Mark Babbitt e-mails that he has accepted a position at Central Washington University as assistant professor of trombone/euphonium and conductor of the symphonic band. He also is working on his D.M.A. from the University of Cincinnati while teaching at Xavier University. Last year he won first prize at the 1999 National Solo Trombone Competition in Washington, D.C. . . . Christopher Jentsch (MM) reports that he moved to Brooklyn last summer after completing a D.M.A. in jazz composition at the University of Miami. He recently released two CDs: Media Event (with a trio) and Miami Suite (with his large jazz ensemble composition). Friends can reach him at jentsch@earthlink.net. . . . Pianist Marina Lomazov performed works by Shostakovich, Rachmaninoff, Tchaikovsky, and Prokofiev with members of the Rochester Philharmonic Orchestra at the Hochstein Performance Hall on January 9. Lomazov received top honors at piano competitions in Japan and Austria, and she has appeared on National Public Radio's Performance Today.

'94

Pianist Matthew Brady was a featured performer in this spring's "Meet the Virtuoso" series at the Y School of Music in New York City.

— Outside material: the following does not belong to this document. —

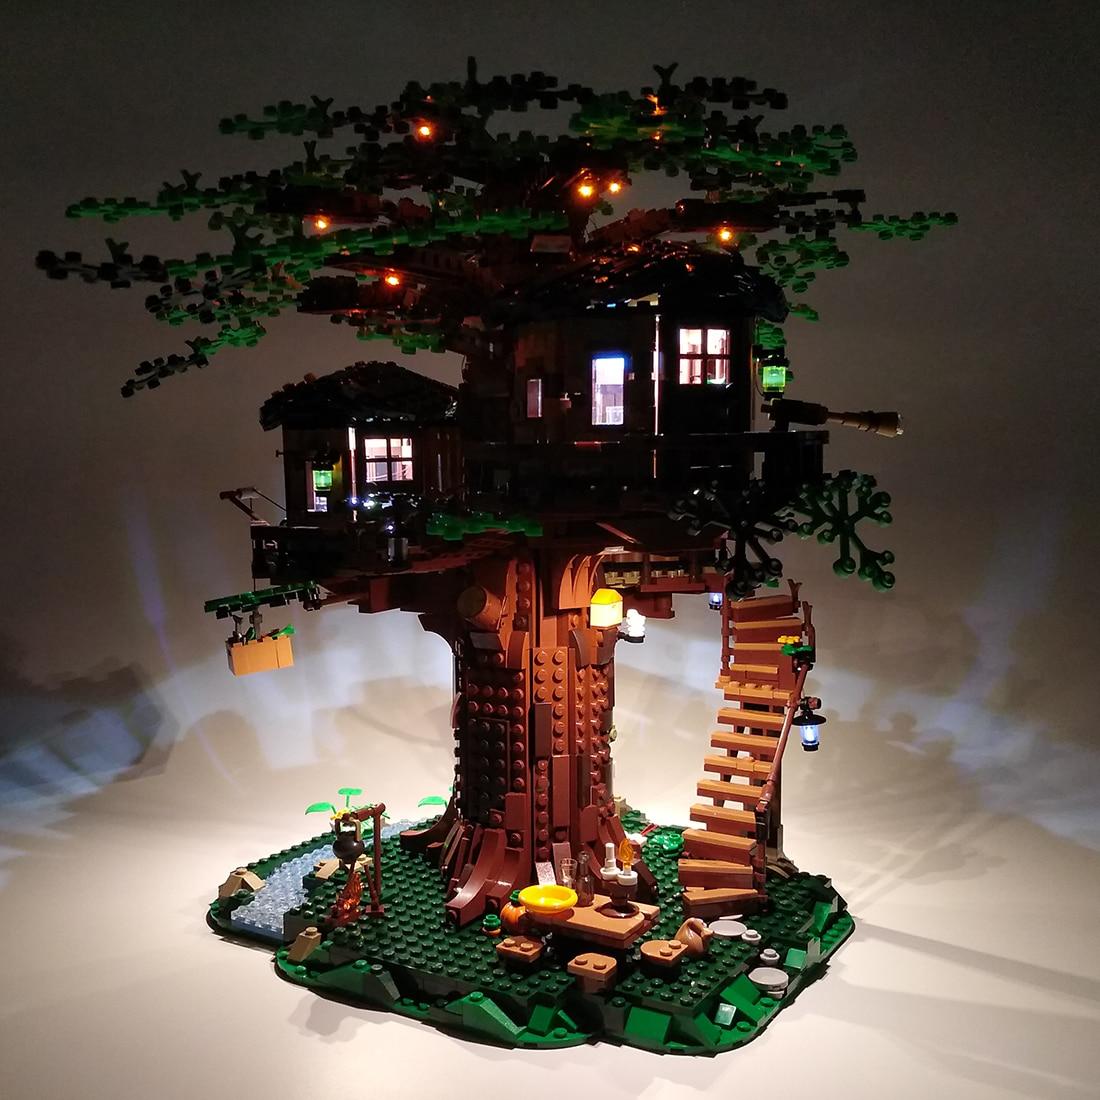 construção acessório kit para casa na árvore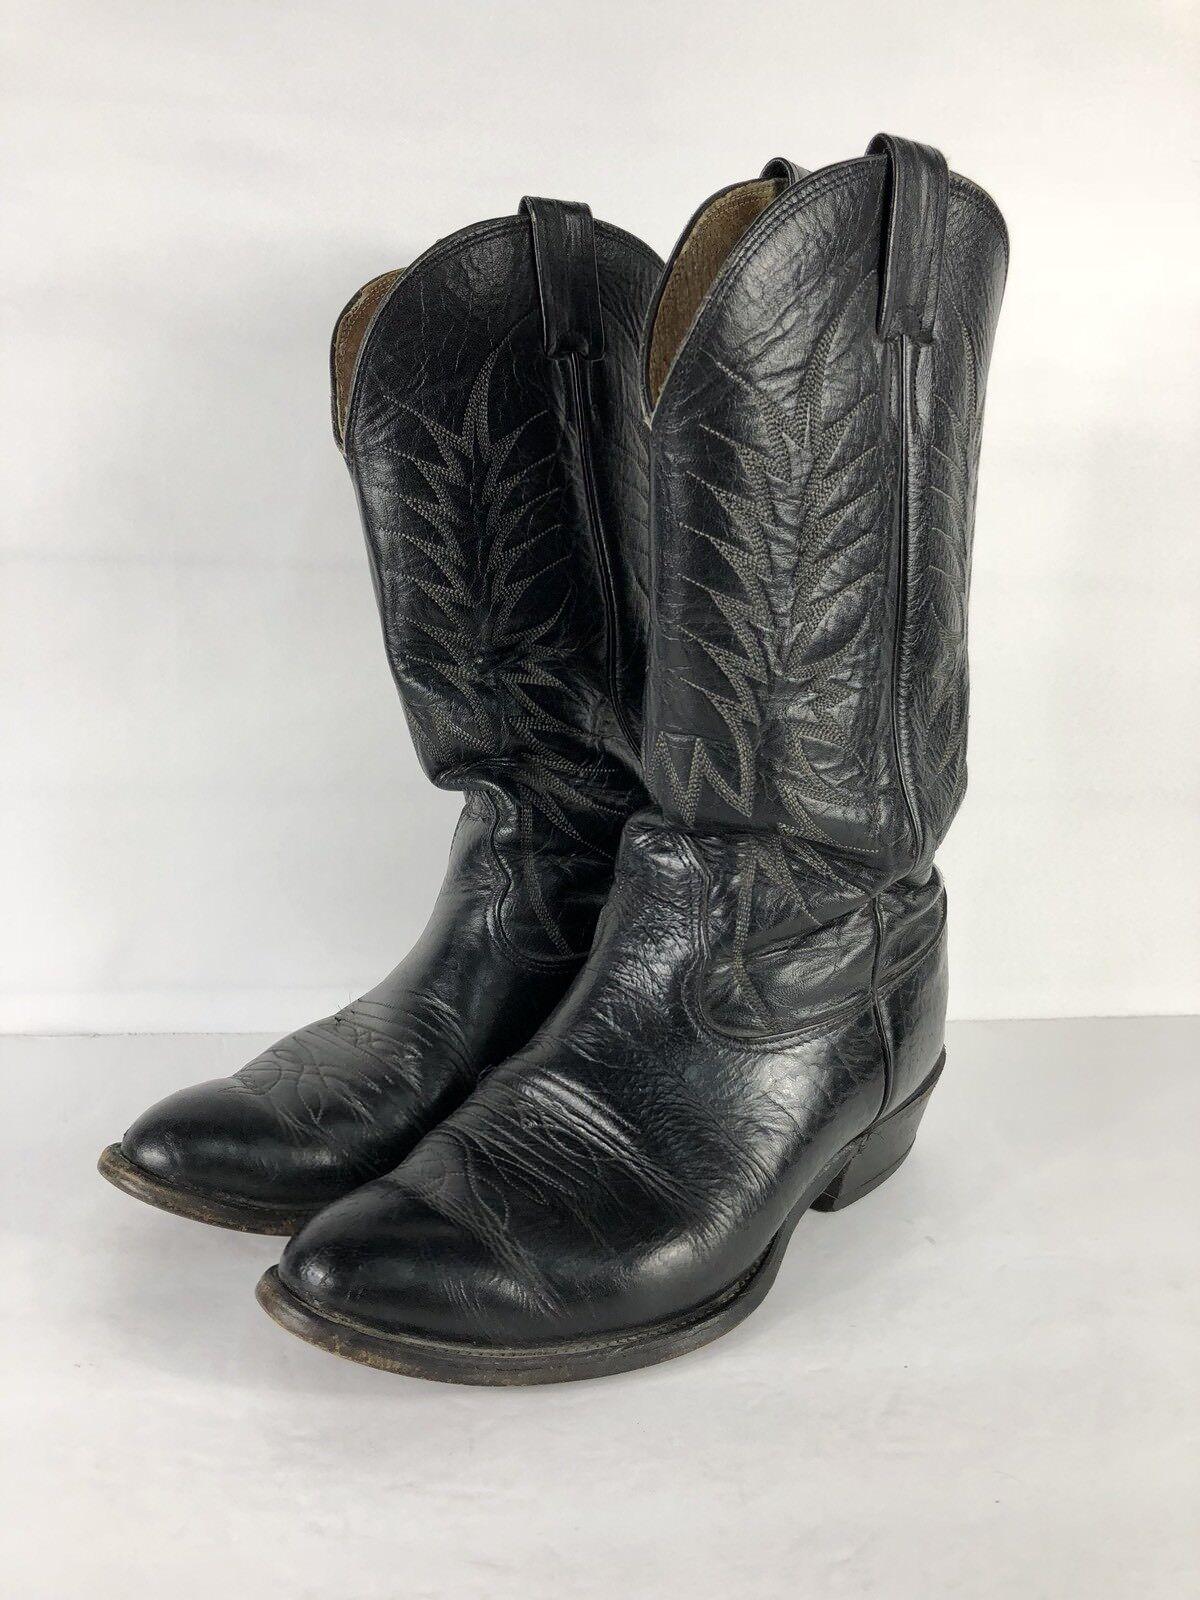 NOCONA BOOTS Men's Gray & Black Classic Size Leather Western Cowboy Boots Size Classic 7.5 2E 15d91d

Brady is associate conductor and pianist for the Brooklyn Youth Chorus, and he is a member of the piano faculty at the 92nd Street Y School of Music, as well as at the Brooklyn Friends School. He also is the music director for summer sessions at The American School in Lugano, Switzerland. He spent his third summer at the school this year.

'97

David Rogers (PhD) (see '89). . . . Lisa Tarantino is pursuing a popular-music recording deal with New York City-based record labels. A classically trained vocalist who splits her time between New York City and the Rochester suburb of Brighton, Tarantino has hired Rochester firm Chatham Communications Corp. to represent her in her musical goals, according to a profile in the Rochester Democrat and Chronicle.

'98

Derrick Parker was part of the cast of the Opera Theatre of St. Louis's production of Scott Joplin's Treemonisha this spring. Interviewed by the St. Louis Post-Dispatch about what it is like to be an African-American classical singer today, Parker is quoted as saying: "God's given me something special, and it's just my duty to do something with it."